COLLECTED DATA

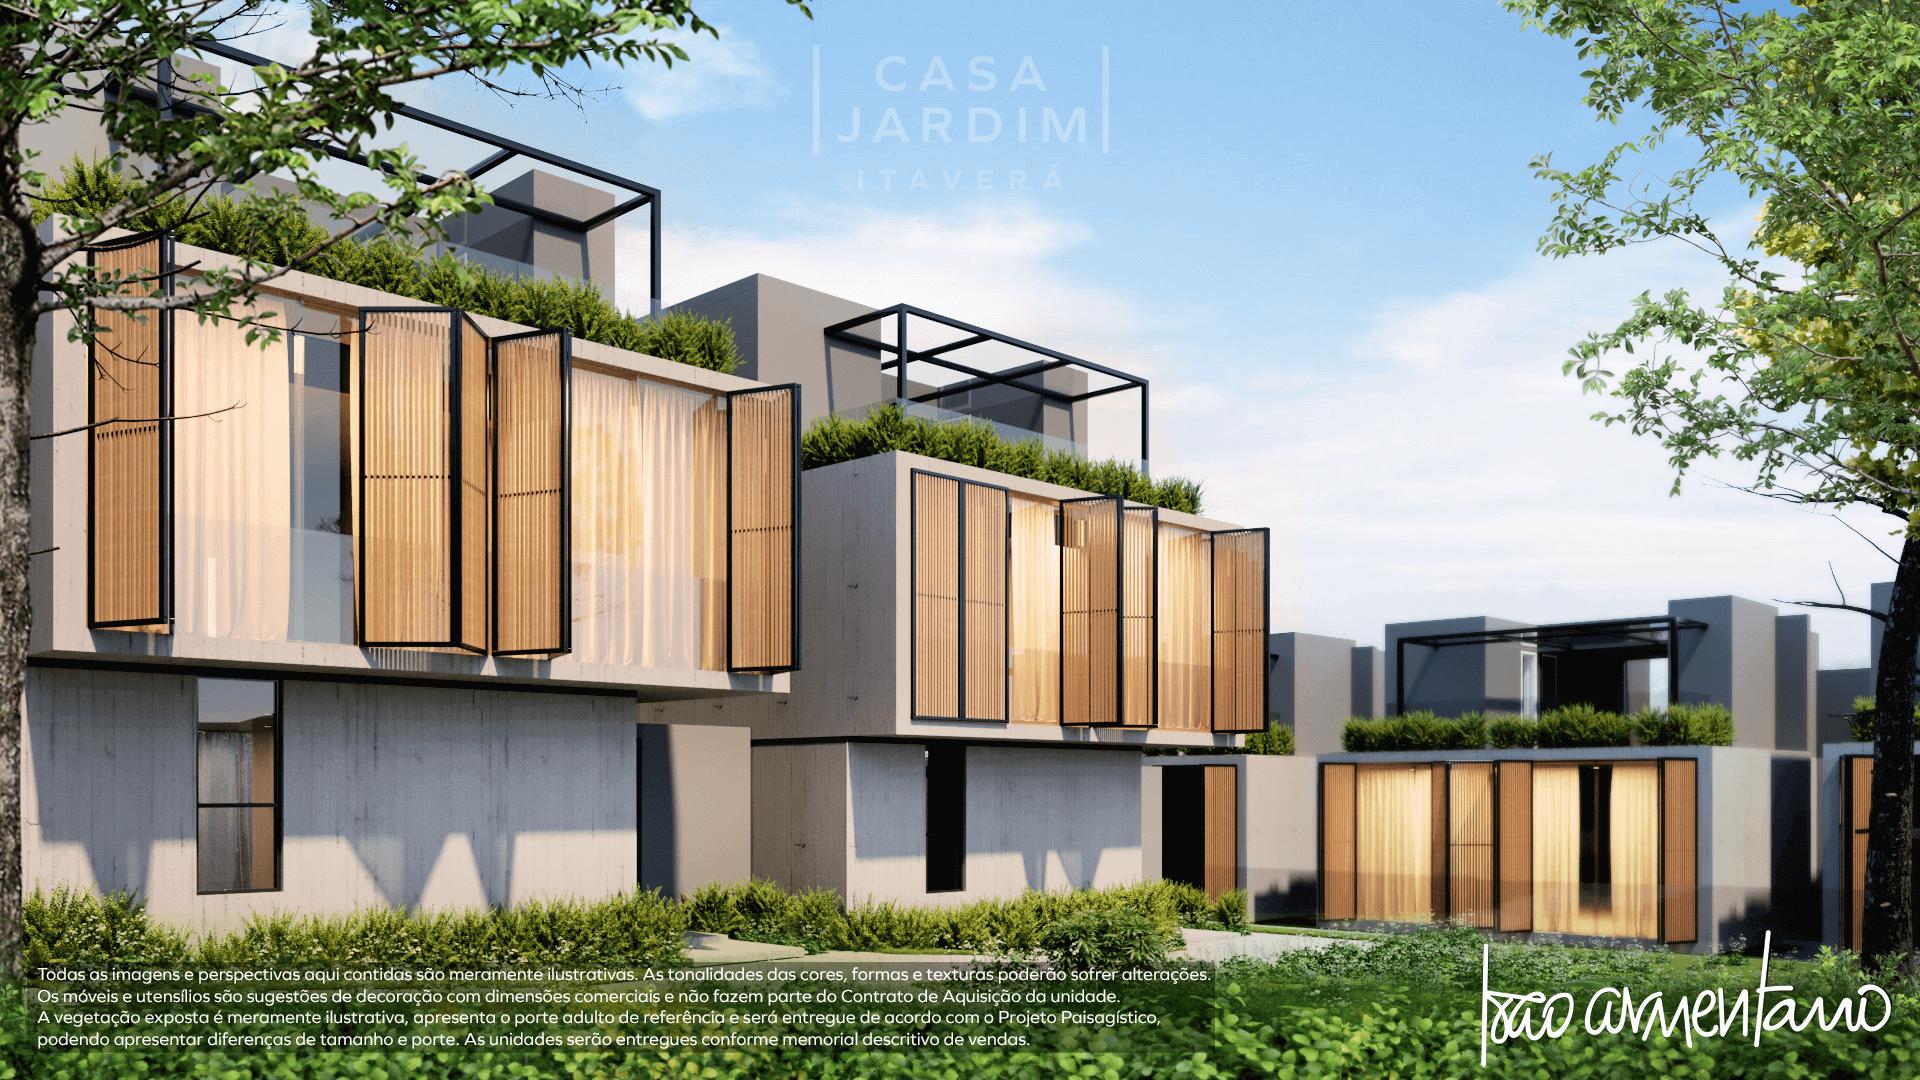 Casa Jardim Itaverá - Atendimento Especializado (11) 4116-9995 | 98026-0864
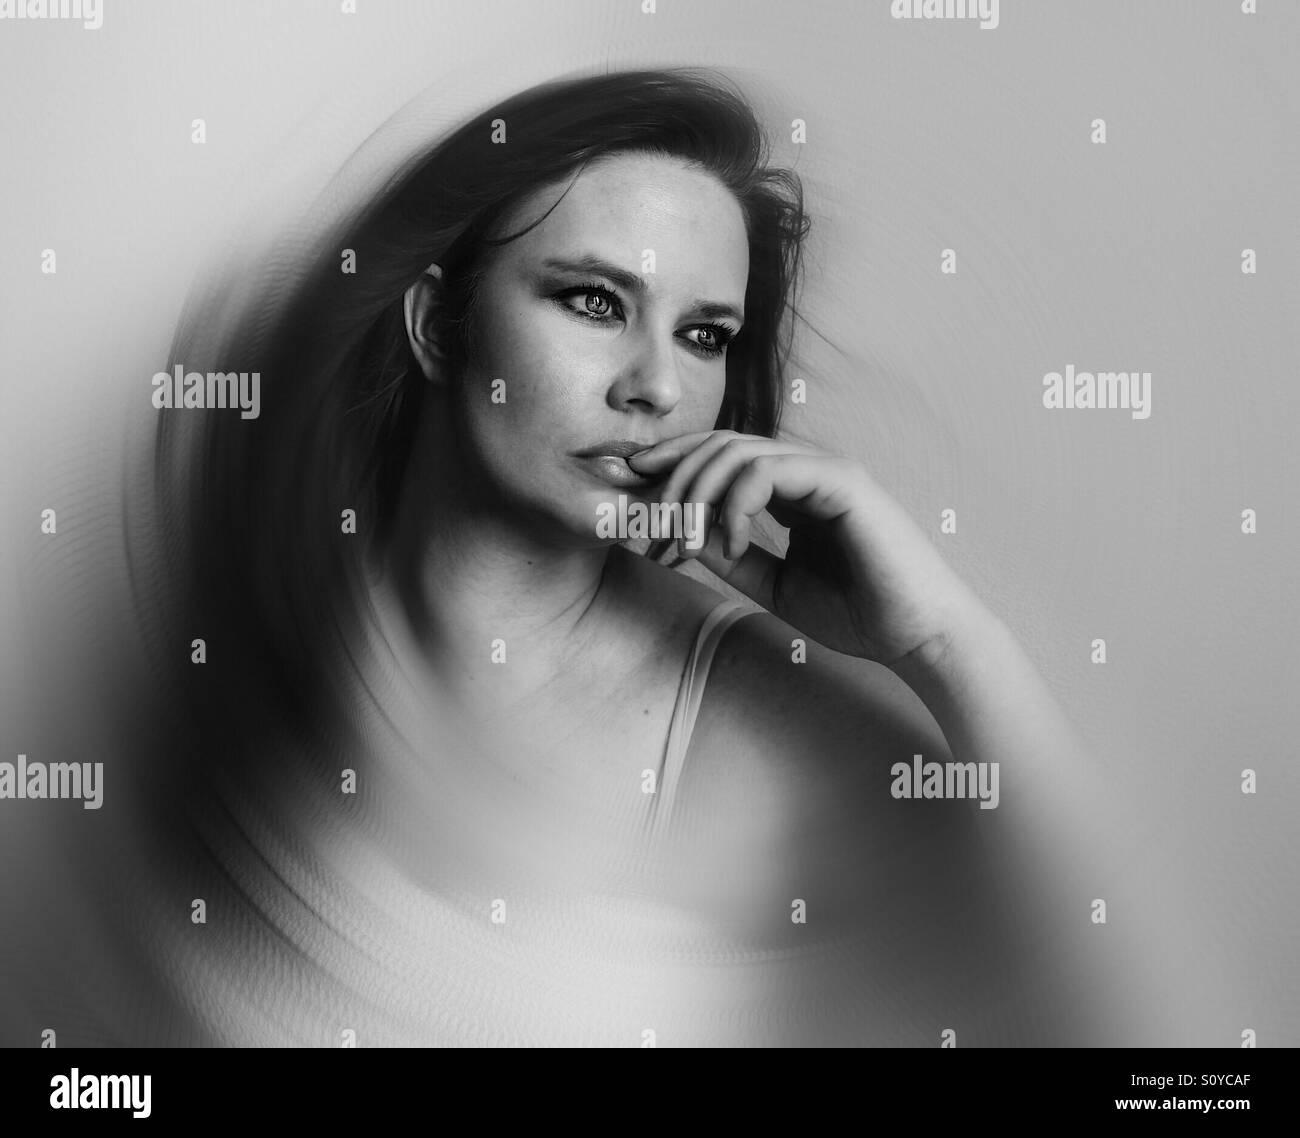 Kreative verschwommene schwarz / weiss Portrait der Frau tief in Gedanken an Wand Stockbild
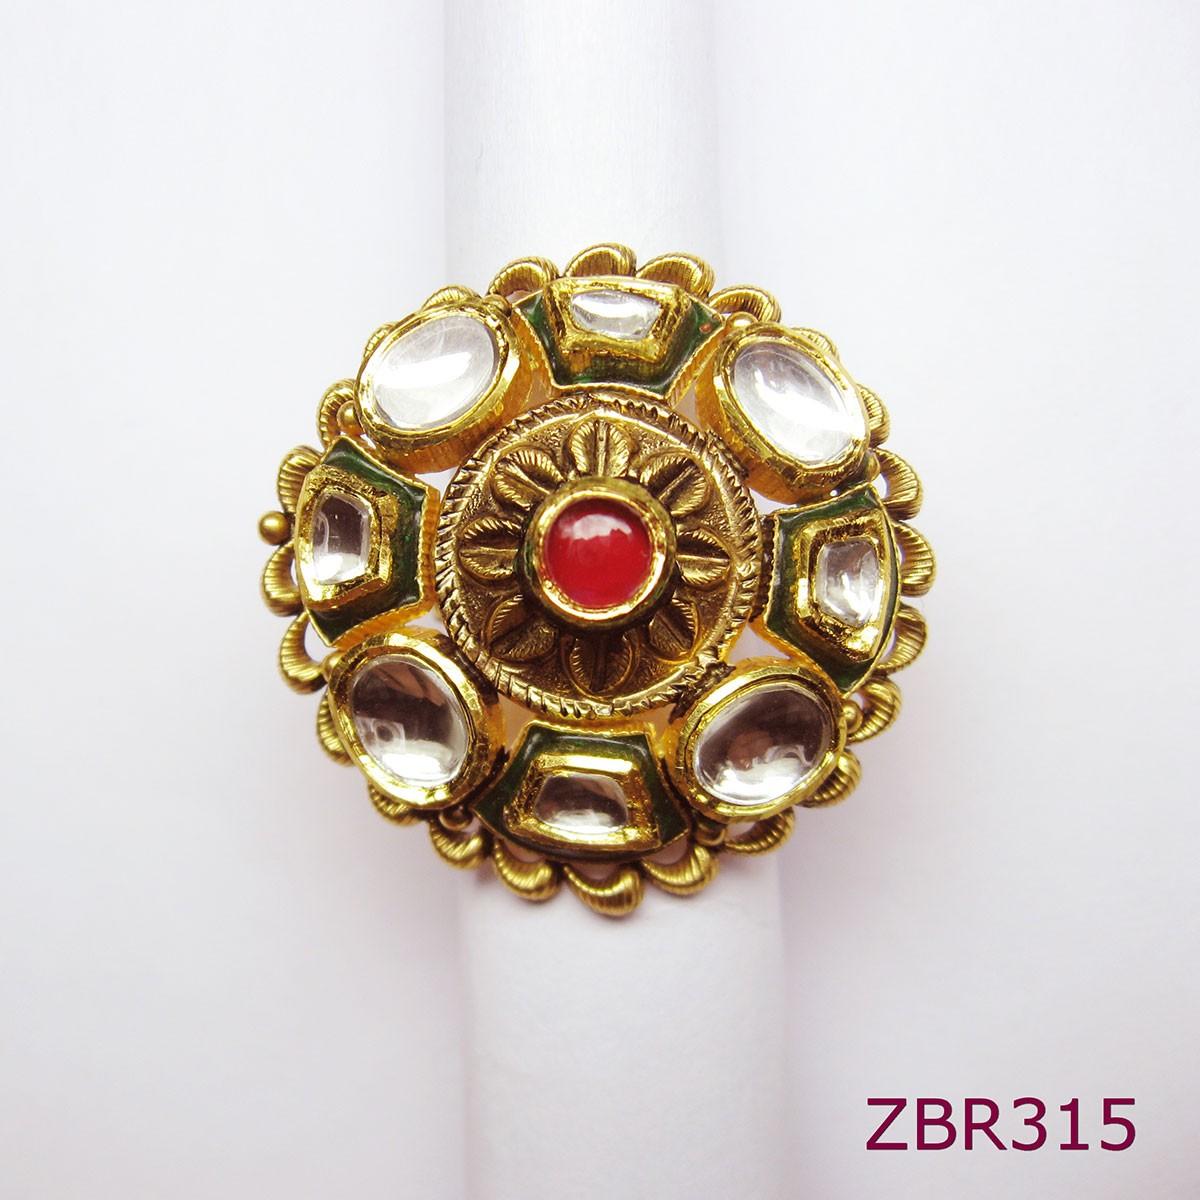 ZBR315

INSTRUCTIONS FOR THE TASK
The data must come back word for word, with every picture removed.

TASK SOLUTION
 Casa Jardim Itaverá - Atendimento Especializado (11) 4116-9995 | 98026-0864
 Kreative verschwommene schwarz / weiss Portrait der Frau tief in Gedanken an Wand Stockbild
 ZBR315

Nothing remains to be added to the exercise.